Illuminating the fundamentals of stem cells
The mission of the U-M Center for Stem Cell Biology is to promote the use of stem cell research to answer the most fundamental questions in cellular, developmental and cancer biology. The center has three primary faculty members: Cheng-Yu Lee, Ivan Maillard and Yukiko Yamashita.
The Yamashita lab is studying the mechanisms that regulate the division of germline stem cells and the role these mechanisms play in tissue regeneration and aging.
The Lee lab is studying the mechanism by which stem cells self-renew or differentiate, specifically as it relates to brain tumors and other cancers.
The Maillard lab is studying ways to improve allogenic bone marrow transplants, a powerful treatment for some cancers, by making them safer and more available to patients.

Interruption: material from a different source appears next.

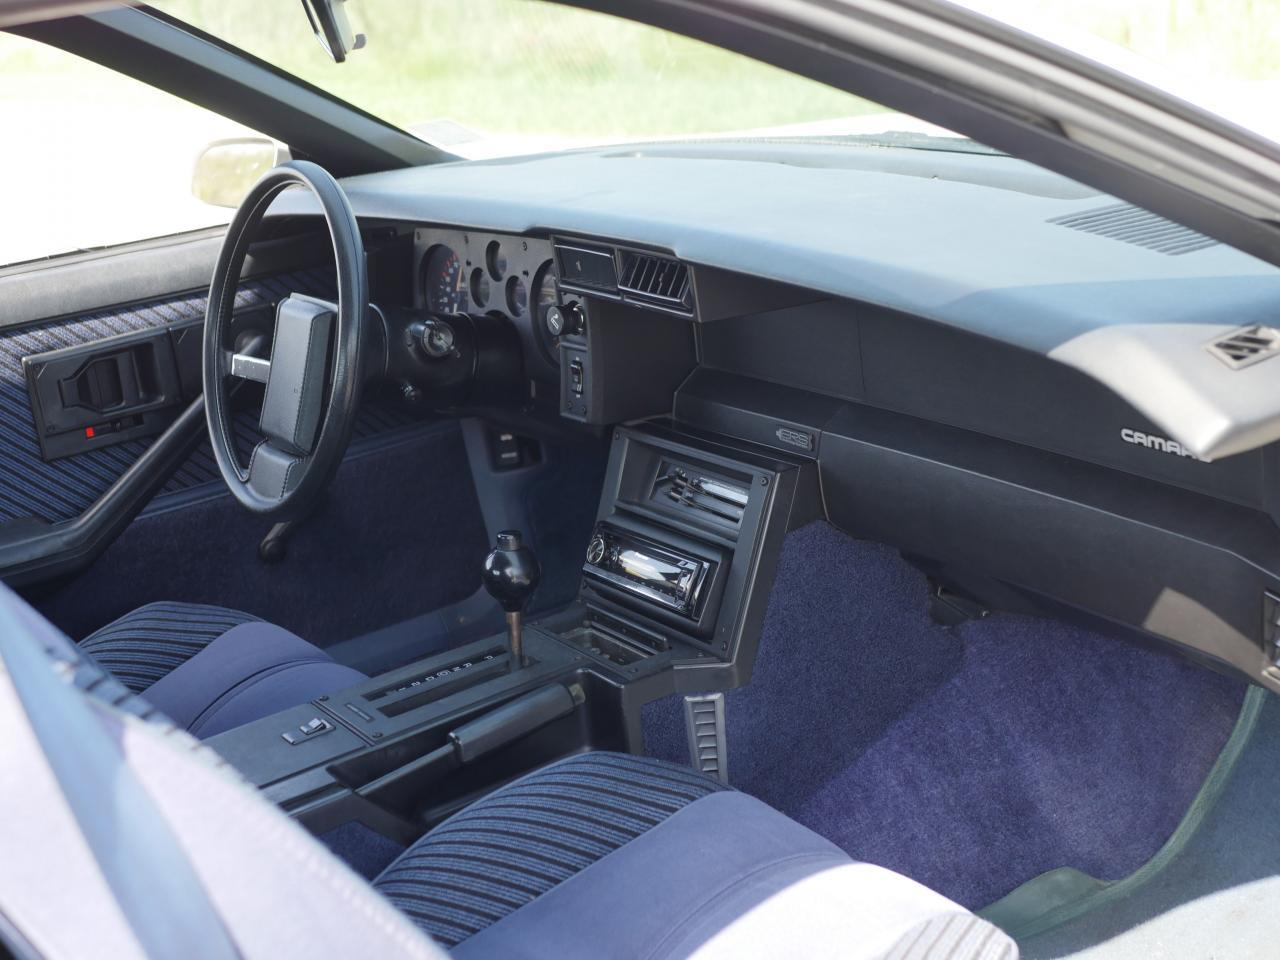 1984 Chevrolet Camaro (CC-1342804) for sale in O'Fallon, Illinois

The U-M Center for Stem Cell Biology was established in 2005 with $10.5 million provided by the U-M Medical School, the Life Sciences Institute and the Molecular and Behavioral Neuroscience Institute. The center is housed in the Life Sciences Institute to leverage LSI’s multi-disciplinary environment and to ground stem cell research in the context of basic scientific inquiry. Noted stem cell scientist Sean Morrison served as director of the center until 2010. Under Morrison’s leadership, the center took a leadership role in educating the Michigan public about stem cell research during the successful 2008 ballot initiative to repeal the state ban on human embryonic stem cell research.
Understanding the fundamental biology of stem cells increases the potential for advances in biomedical research and medicine, and the center supports stem cell research by bringing scientists from different disciplines together to focus on important questions in this rapidly changing area of science.
The U-M Center for Stem Cell Biology is part of a rich network of programs and faculty at the University of Michigan focused on stem cell research:
- The UM Consortium for Stem Cell Therapy (CSCT) is a core facility with research tools available to faculty across campus. The CSCT is responsible for the derivation, storage and distribution of new induced pluripotent stem cells and human embryonic stem cells. Researchers have derived and registered several disease-affected embryonic stem cell lines.
- The Michigan Center for hES Research provides training and technologies in human embryonic stem cell biology. It is funded by an NIH Exploratory Center Grant for Human Embryonic Stem Cell Research.
- U-M Comprehensive Cancer Center is one of only a few research institutions in the U.S. and Canada that has made an institutional commitment to cancer stem cell research.
- Stem cells are essential research tools in drug discovery efforts like those in LSI’s Center for Chemical Genomics and the Center for the Discovery of New Medicines, also housed in LSI.